PROBLEM TO WORK ON: Every line below needs to be reproduced exactly.

Records drawn from a dataset:
>>>
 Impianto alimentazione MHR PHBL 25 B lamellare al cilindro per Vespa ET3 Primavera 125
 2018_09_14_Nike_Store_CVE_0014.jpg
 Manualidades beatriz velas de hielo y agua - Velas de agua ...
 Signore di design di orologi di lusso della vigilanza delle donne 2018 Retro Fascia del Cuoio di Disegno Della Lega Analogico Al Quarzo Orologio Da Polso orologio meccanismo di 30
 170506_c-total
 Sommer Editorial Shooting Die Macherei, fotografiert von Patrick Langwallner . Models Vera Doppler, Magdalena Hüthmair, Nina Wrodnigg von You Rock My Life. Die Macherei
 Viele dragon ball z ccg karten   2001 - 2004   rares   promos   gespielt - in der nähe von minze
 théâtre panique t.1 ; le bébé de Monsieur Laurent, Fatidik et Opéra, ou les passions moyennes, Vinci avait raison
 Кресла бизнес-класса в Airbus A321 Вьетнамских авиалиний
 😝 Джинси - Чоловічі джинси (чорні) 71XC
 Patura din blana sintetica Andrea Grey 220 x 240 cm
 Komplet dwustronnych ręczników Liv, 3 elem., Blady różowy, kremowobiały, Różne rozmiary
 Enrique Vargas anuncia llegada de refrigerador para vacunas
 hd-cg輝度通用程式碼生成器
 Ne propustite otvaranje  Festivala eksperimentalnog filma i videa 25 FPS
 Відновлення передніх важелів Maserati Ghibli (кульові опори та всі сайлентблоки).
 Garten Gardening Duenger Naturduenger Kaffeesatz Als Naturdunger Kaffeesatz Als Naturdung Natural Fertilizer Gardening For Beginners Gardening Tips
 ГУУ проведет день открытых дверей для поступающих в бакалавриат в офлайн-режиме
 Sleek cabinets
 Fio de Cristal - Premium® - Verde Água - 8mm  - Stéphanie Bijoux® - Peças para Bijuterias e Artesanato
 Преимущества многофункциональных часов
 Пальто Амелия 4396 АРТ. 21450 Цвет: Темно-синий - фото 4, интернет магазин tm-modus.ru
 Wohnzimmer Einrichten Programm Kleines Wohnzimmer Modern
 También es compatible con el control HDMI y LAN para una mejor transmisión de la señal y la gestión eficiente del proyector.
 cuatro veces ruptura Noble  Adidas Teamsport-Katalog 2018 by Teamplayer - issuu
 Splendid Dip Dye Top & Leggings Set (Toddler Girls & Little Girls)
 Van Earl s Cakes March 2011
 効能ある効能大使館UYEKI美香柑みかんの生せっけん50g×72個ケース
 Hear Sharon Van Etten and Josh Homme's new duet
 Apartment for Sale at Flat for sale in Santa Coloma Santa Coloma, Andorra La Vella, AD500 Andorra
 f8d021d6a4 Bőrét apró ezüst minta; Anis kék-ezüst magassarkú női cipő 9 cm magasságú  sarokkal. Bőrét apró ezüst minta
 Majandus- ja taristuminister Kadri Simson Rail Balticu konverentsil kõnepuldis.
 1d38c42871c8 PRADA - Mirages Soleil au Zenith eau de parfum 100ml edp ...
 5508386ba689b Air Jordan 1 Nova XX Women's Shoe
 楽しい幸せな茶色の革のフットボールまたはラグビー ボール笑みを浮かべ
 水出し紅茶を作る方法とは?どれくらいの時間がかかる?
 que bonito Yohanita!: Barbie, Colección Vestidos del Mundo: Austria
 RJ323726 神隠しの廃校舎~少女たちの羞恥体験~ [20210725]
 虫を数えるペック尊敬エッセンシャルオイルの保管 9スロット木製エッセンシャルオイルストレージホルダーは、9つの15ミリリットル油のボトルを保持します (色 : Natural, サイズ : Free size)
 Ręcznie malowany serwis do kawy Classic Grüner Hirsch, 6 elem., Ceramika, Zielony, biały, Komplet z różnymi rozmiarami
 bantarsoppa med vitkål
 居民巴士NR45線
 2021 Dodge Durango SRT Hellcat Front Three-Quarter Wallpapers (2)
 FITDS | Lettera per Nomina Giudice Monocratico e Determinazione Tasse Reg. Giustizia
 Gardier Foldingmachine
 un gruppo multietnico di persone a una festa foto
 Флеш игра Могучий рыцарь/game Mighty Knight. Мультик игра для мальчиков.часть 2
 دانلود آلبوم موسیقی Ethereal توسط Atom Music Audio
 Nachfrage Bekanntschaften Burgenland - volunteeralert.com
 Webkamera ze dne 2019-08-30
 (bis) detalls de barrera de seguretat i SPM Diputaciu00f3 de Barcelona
<<<
TASK SOLUTION:
 Impianto alimentazione MHR PHBL 25 B lamellare al cilindro per Vespa ET3 Primavera 125
 2018_09_14_Nike_Store_CVE_0014.jpg
 Manualidades beatriz velas de hielo y agua - Velas de agua ...
 Signore di design di orologi di lusso della vigilanza delle donne 2018 Retro Fascia del Cuoio di Disegno Della Lega Analogico Al Quarzo Orologio Da Polso orologio meccanismo di 30
 170506_c-total
 Sommer Editorial Shooting Die Macherei, fotografiert von Patrick Langwallner . Models Vera Doppler, Magdalena Hüthmair, Nina Wrodnigg von You Rock My Life. Die Macherei
 Viele dragon ball z ccg karten   2001 - 2004   rares   promos   gespielt - in der nähe von minze
 théâtre panique t.1 ; le bébé de Monsieur Laurent, Fatidik et Opéra, ou les passions moyennes, Vinci avait raison
 Кресла бизнес-класса в Airbus A321 Вьетнамских авиалиний
 😝 Джинси - Чоловічі джинси (чорні) 71XC
 Patura din blana sintetica Andrea Grey 220 x 240 cm
 Komplet dwustronnych ręczników Liv, 3 elem., Blady różowy, kremowobiały, Różne rozmiary
 Enrique Vargas anuncia llegada de refrigerador para vacunas
 hd-cg輝度通用程式碼生成器
 Ne propustite otvaranje  Festivala eksperimentalnog filma i videa 25 FPS
 Відновлення передніх важелів Maserati Ghibli (кульові опори та всі сайлентблоки).
 Garten Gardening Duenger Naturduenger Kaffeesatz Als Naturdunger Kaffeesatz Als Naturdung Natural Fertilizer Gardening For Beginners Gardening Tips
 ГУУ проведет день открытых дверей для поступающих в бакалавриат в офлайн-режиме
 Sleek cabinets
 Fio de Cristal - Premium® - Verde Água - 8mm  - Stéphanie Bijoux® - Peças para Bijuterias e Artesanato
 Преимущества многофункциональных часов
 Пальто Амелия 4396 АРТ. 21450 Цвет: Темно-синий - фото 4, интернет магазин tm-modus.ru
 Wohnzimmer Einrichten Programm Kleines Wohnzimmer Modern
 También es compatible con el control HDMI y LAN para una mejor transmisión de la señal y la gestión eficiente del proyector.
 cuatro veces ruptura Noble  Adidas Teamsport-Katalog 2018 by Teamplayer - issuu
 Splendid Dip Dye Top & Leggings Set (Toddler Girls & Little Girls)
 Van Earl s Cakes March 2011
 効能ある効能大使館UYEKI美香柑みかんの生せっけん50g×72個ケース
 Hear Sharon Van Etten and Josh Homme's new duet
 Apartment for Sale at Flat for sale in Santa Coloma Santa Coloma, Andorra La Vella, AD500 Andorra
 f8d021d6a4 Bőrét apró ezüst minta; Anis kék-ezüst magassarkú női cipő 9 cm magasságú  sarokkal. Bőrét apró ezüst minta
 Majandus- ja taristuminister Kadri Simson Rail Balticu konverentsil kõnepuldis.
 1d38c42871c8 PRADA - Mirages Soleil au Zenith eau de parfum 100ml edp ...
 5508386ba689b Air Jordan 1 Nova XX Women's Shoe
 楽しい幸せな茶色の革のフットボールまたはラグビー ボール笑みを浮かべ
 水出し紅茶を作る方法とは?どれくらいの時間がかかる?
 que bonito Yohanita!: Barbie, Colección Vestidos del Mundo: Austria
 RJ323726 神隠しの廃校舎~少女たちの羞恥体験~ [20210725]
 虫を数えるペック尊敬エッセンシャルオイルの保管 9スロット木製エッセンシャルオイルストレージホルダーは、9つの15ミリリットル油のボトルを保持します (色 : Natural, サイズ : Free size)
 Ręcznie malowany serwis do kawy Classic Grüner Hirsch, 6 elem., Ceramika, Zielony, biały, Komplet z różnymi rozmiarami
 bantarsoppa med vitkål
 居民巴士NR45線
 2021 Dodge Durango SRT Hellcat Front Three-Quarter Wallpapers (2)
 FITDS | Lettera per Nomina Giudice Monocratico e Determinazione Tasse Reg. Giustizia
 Gardier Foldingmachine
 un gruppo multietnico di persone a una festa foto
 Флеш игра Могучий рыцарь/game Mighty Knight. Мультик игра для мальчиков.часть 2
 دانلود آلبوم موسیقی Ethereal توسط Atom Music Audio
 Nachfrage Bekanntschaften Burgenland - volunteeralert.com
 Webkamera ze dne 2019-08-30
 (bis) detalls de barrera de seguretat i SPM Diputaciu00f3 de Barcelona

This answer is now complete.